Worm bait?
Jeff Kinz
jkinz at kinz.org
Wed Aug 20 10:26:38 EDT 2003
On Wed, Aug 20, 2003 at 10:07:18AM -0400, Derek Martin wrote:
> As is often the case in our society, no one is looking at the real
> problem. Virtually all e-mail viruses/worms target one family of
> programs: Microsoft Outlook. Why is Outlook so aggressively targeted?
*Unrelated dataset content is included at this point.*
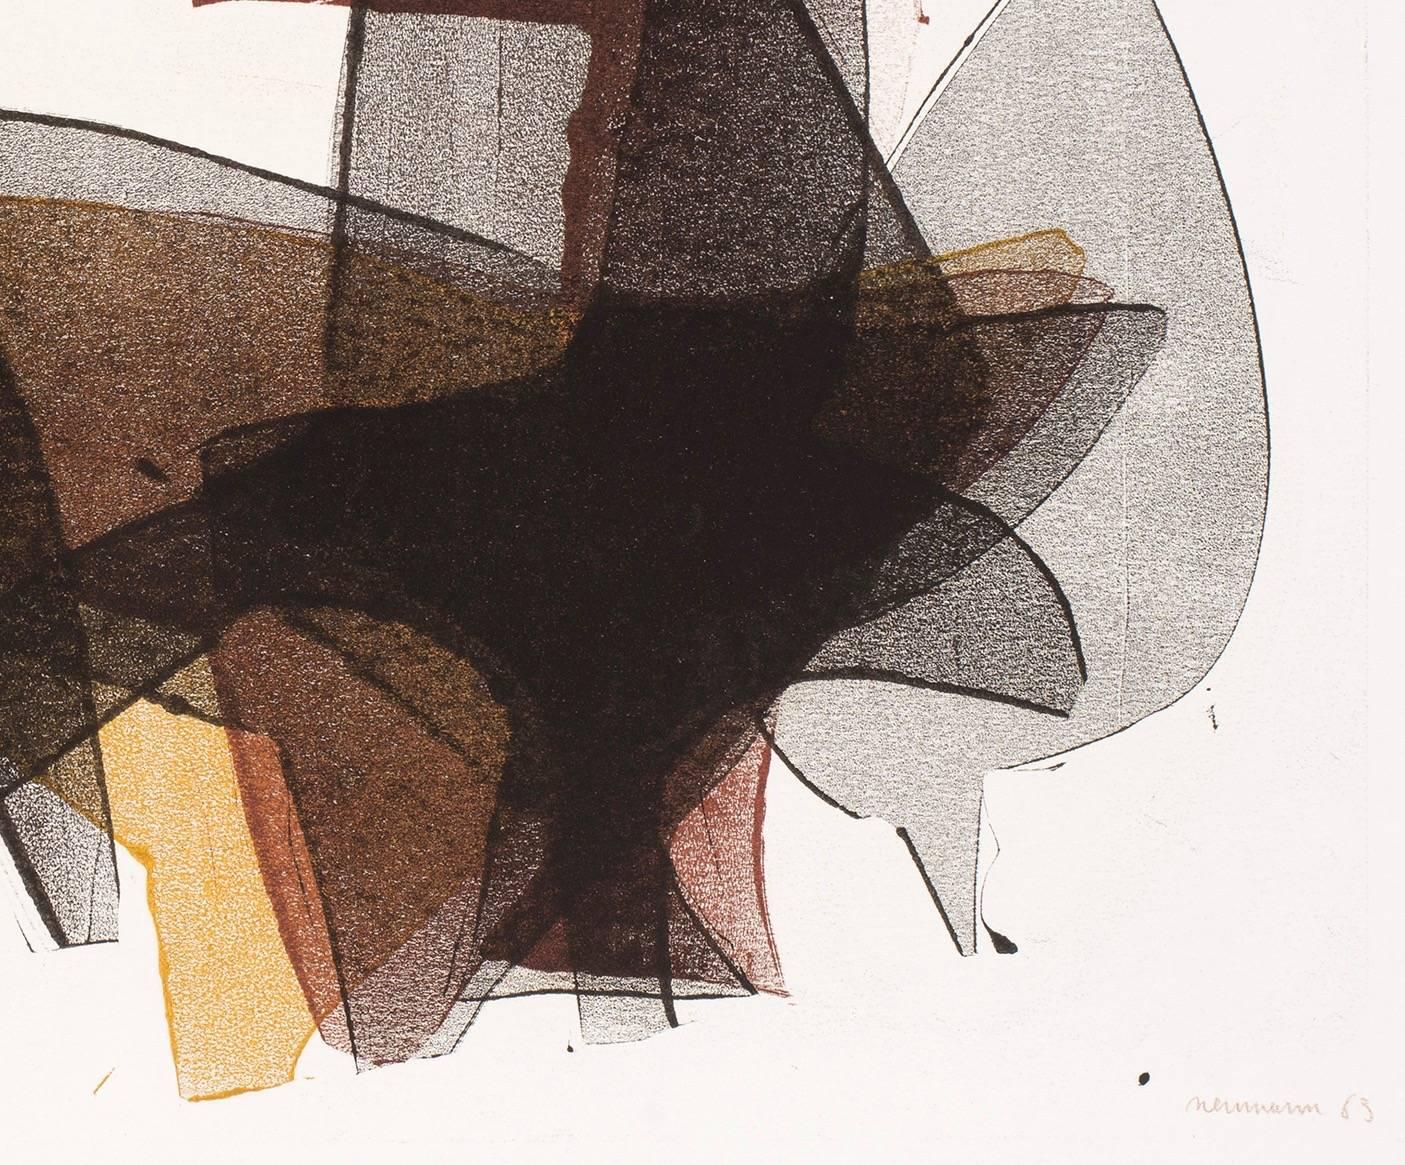 Estate No. 072040 - Abstract Expressionist Print by Otto Neumann

> Because it's crap, and because its perveyors have a monopoly,
> engendering rather a lot of hate. If you want to avoid these worms,
> you need only not use Outlook. No other program is so aggressively
> targeted. Similarly, non-email viruses/worms most popularly target
> Microsoft systems. Even with the dramatic increase of the popularity
> of Linux, there just aren't that many Linux viruses/worms out there.
> So I really don't think it's a simple matter of virus writers
> targeting the most popular platform; I think a lot of it is about
> genuine hatred. But even if it were simple economics, there's no
> better argument for more competition in the market...
>
> Why is no one looking at Outlook? For the same reason Microsoft has a
> monopoly in the first place: people who use it often feel compelled to
> use it, for one reason or another. Rather than admit their choice was
> wrong, they seek more amenable scapegoats.
Plauges, Wars, floods, fire, earthquakes, volcanos and MS-Outlook.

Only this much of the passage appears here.